I came out to one of my friends whom I had thought was very open-minded, at the time I was actually questioning whether I was trans or whether I was just crazy and/or going through a "phase" of wanting to be more masculine. So it was more of, telling her that I was confused about my gender, than actually saying "yeah I'm a transman" flat-out. She didn't react well, and we haven't spoken since.
The next friend I came out to, about a year afterwards when I'd figured out it was definitely not a phase nor insanity

I kinda hinted at it over a few days of texting her, I hadn't made up my mind whether to tell her or not. We were talking about dating (not each other) and I was like "Yeah, I don't really want to date anyone for a while, I'm not really comfortable with the way my body is." She probably assumed I meant I wanted to lose some weight before dating (I had about 20-25 lbs to lose at the time), and I did but that wasn't what I was referring to.

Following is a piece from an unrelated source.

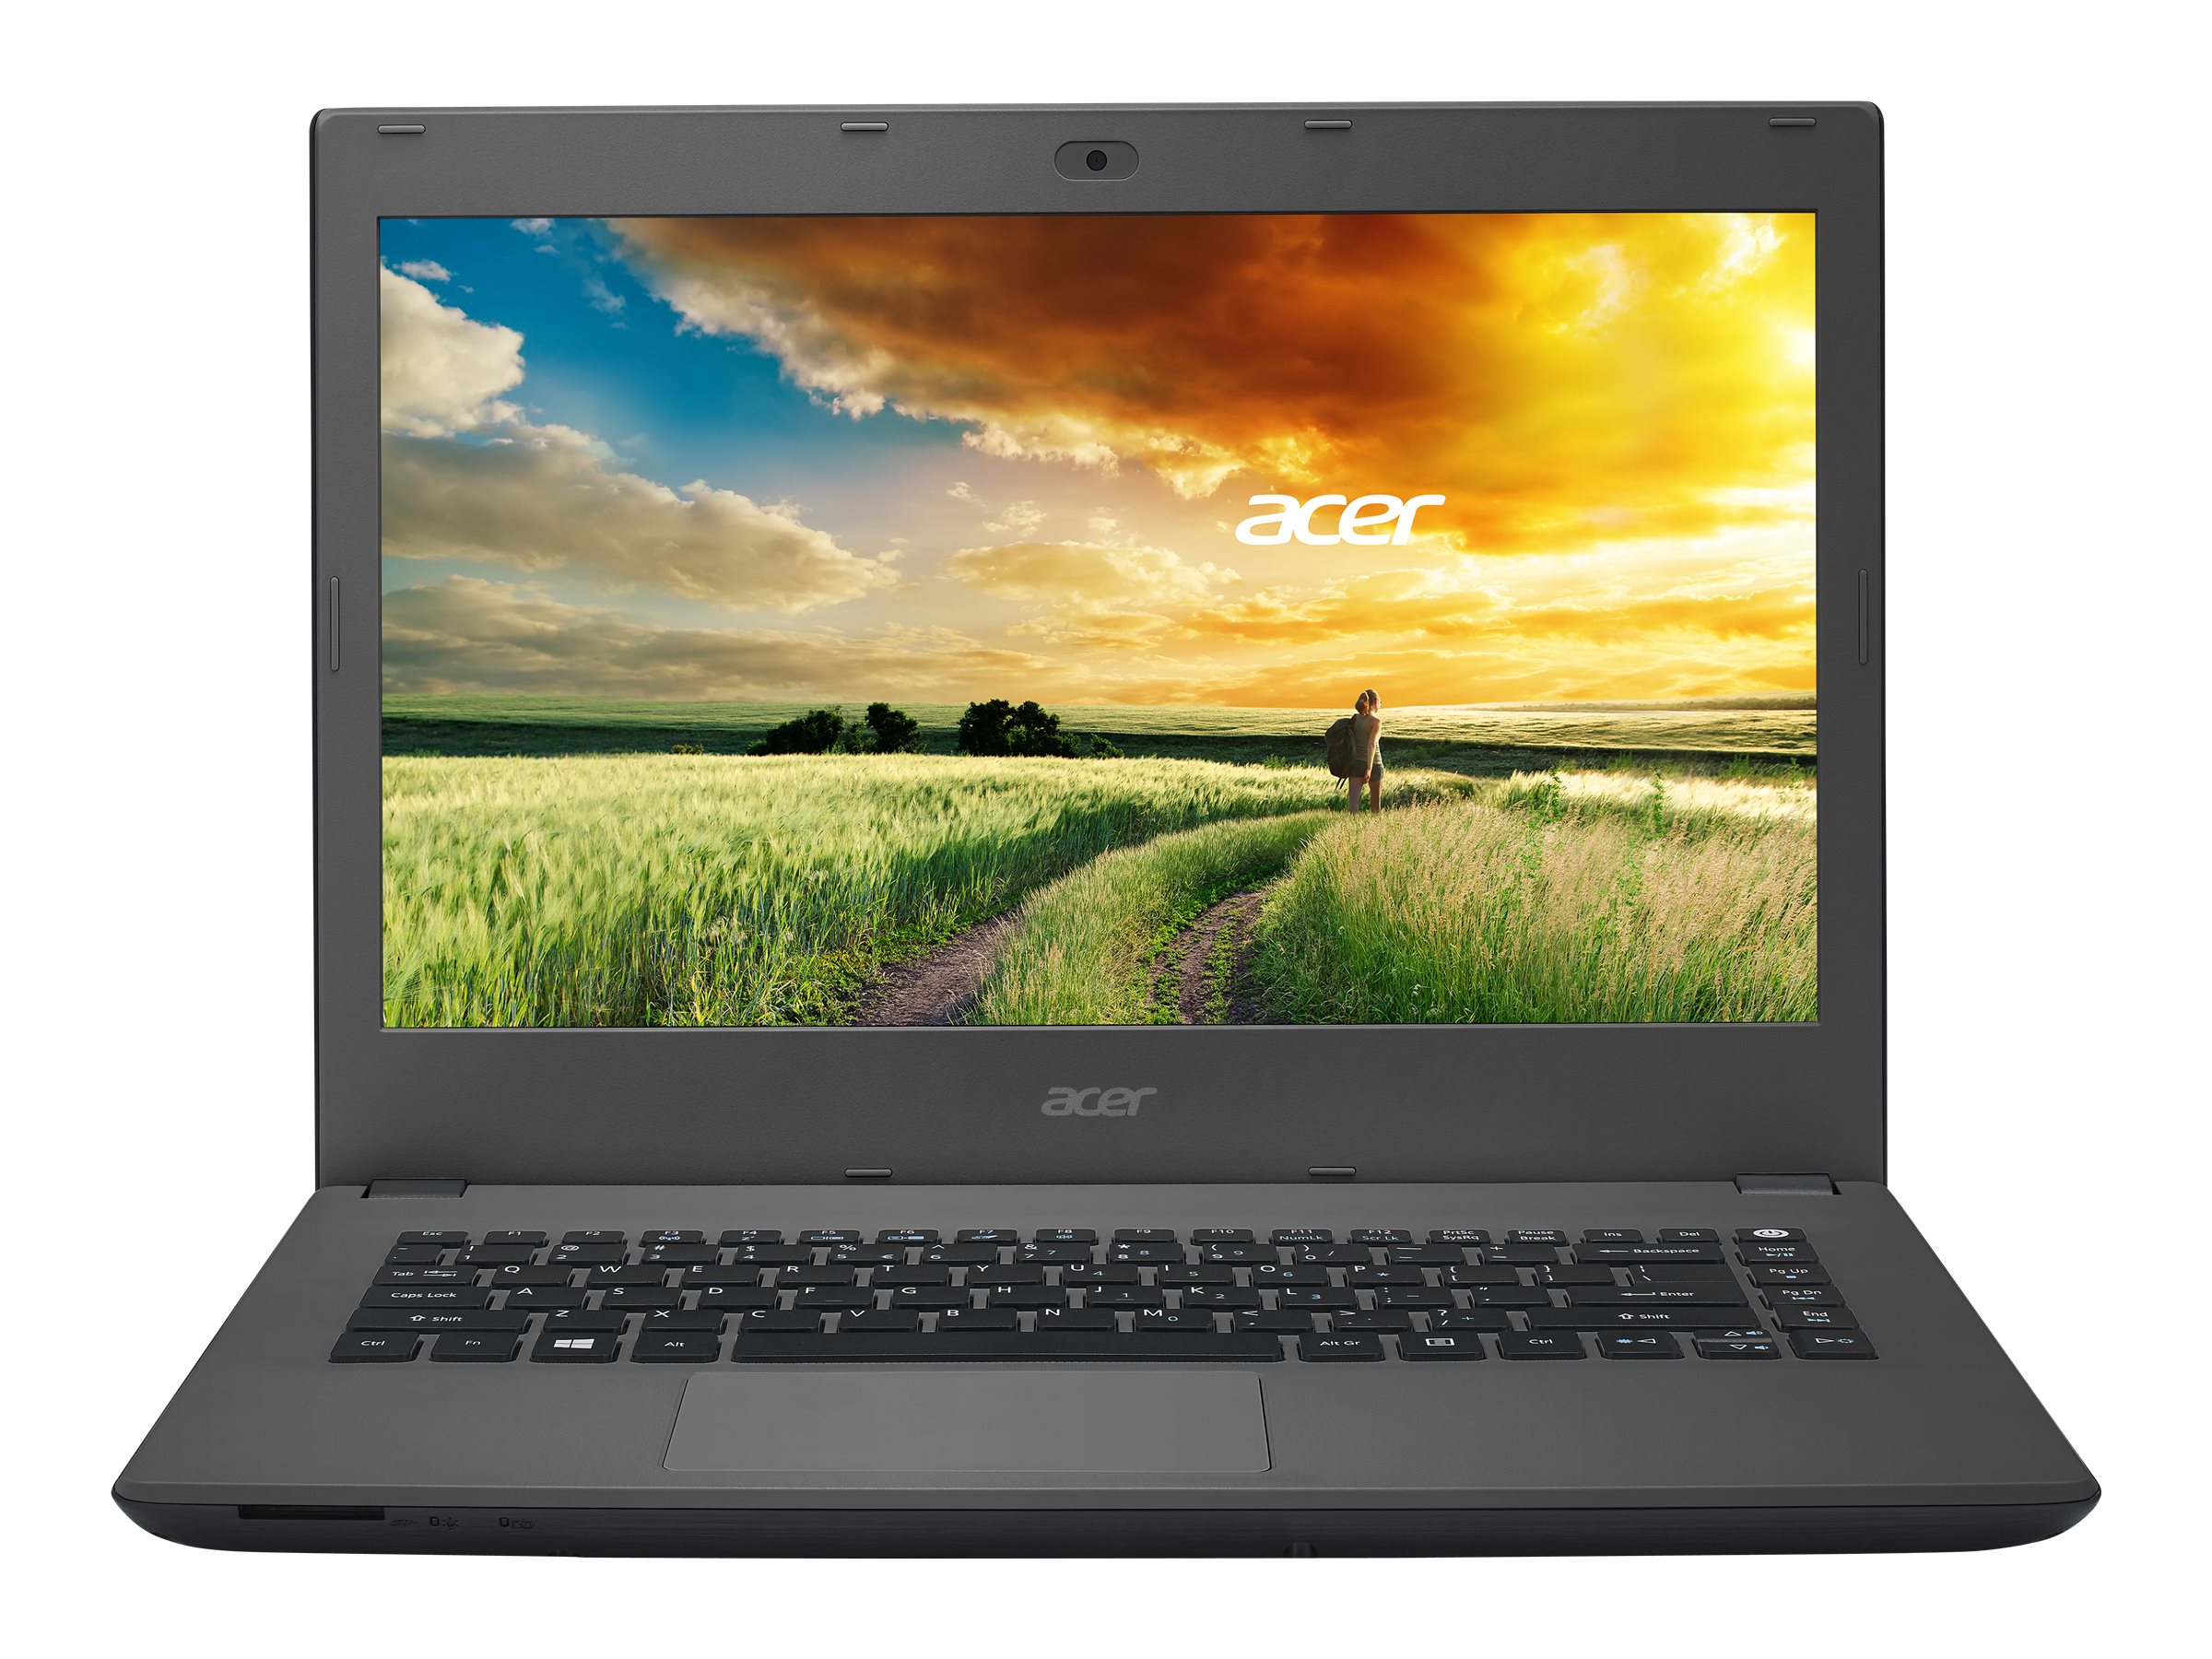 PC 'Acer Aspire GX' é lançado no Brasil com boas especificações e preço  alto

Then later on we were hanging out, and the dating subject came up again and she asked me what I meant (I think she was about to say "Well you're not
that fat" or some such thing) and I said something like, "Well... I don't know how to say this, so I'll just say it.... I'm a female-to-male transman." I expected her to be at least somewhat shocked, but she didn't seem surprised at all. So far she's been the most supportive of all my friends.
Everyone else, I just randomly told them. It was all along the lines of, "You know, there's something about me I think you should know.." then I just said, "I'm trans. Don't hate me!" It was basically a 50% success rate, so it sort of worked...

Overall, my guy friends have been much more accepting than my female friends.